Exercise prompt:
From the entries, filter out every line that lacks "photo" and copy the rest.

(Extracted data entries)
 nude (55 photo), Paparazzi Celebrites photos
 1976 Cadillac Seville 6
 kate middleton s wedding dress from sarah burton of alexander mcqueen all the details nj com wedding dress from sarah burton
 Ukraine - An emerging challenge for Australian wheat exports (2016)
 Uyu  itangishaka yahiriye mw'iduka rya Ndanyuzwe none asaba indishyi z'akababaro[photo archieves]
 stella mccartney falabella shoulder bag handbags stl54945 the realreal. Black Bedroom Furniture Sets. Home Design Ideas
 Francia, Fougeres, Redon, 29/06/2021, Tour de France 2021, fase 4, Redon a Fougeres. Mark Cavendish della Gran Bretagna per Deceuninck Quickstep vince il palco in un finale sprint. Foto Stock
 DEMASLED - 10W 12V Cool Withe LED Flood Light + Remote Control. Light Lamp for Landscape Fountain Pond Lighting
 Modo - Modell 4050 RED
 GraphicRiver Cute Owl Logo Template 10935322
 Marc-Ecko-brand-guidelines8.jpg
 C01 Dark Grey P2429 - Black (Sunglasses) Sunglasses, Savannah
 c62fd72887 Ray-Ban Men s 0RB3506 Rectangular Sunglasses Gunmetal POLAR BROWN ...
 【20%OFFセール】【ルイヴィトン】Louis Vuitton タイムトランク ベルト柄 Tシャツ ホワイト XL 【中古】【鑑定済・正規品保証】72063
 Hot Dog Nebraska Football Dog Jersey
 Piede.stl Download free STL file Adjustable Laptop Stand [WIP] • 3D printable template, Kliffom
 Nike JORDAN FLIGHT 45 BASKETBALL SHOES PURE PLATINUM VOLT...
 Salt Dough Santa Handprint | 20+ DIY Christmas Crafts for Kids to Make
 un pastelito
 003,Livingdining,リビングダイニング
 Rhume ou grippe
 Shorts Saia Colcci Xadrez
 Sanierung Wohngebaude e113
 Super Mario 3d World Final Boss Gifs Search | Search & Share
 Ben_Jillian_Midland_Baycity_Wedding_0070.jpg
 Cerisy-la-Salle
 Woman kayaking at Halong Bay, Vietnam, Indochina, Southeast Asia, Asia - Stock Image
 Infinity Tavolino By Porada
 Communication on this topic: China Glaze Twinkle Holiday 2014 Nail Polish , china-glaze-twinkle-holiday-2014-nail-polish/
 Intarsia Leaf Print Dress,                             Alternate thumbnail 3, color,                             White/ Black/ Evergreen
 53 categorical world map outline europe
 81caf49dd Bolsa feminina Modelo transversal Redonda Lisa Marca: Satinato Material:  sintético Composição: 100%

Answer area:
 nude (55 photo), Paparazzi Celebrites photos
 Uyu  itangishaka yahiriye mw'iduka rya Ndanyuzwe none asaba indishyi z'akababaro[photo archieves]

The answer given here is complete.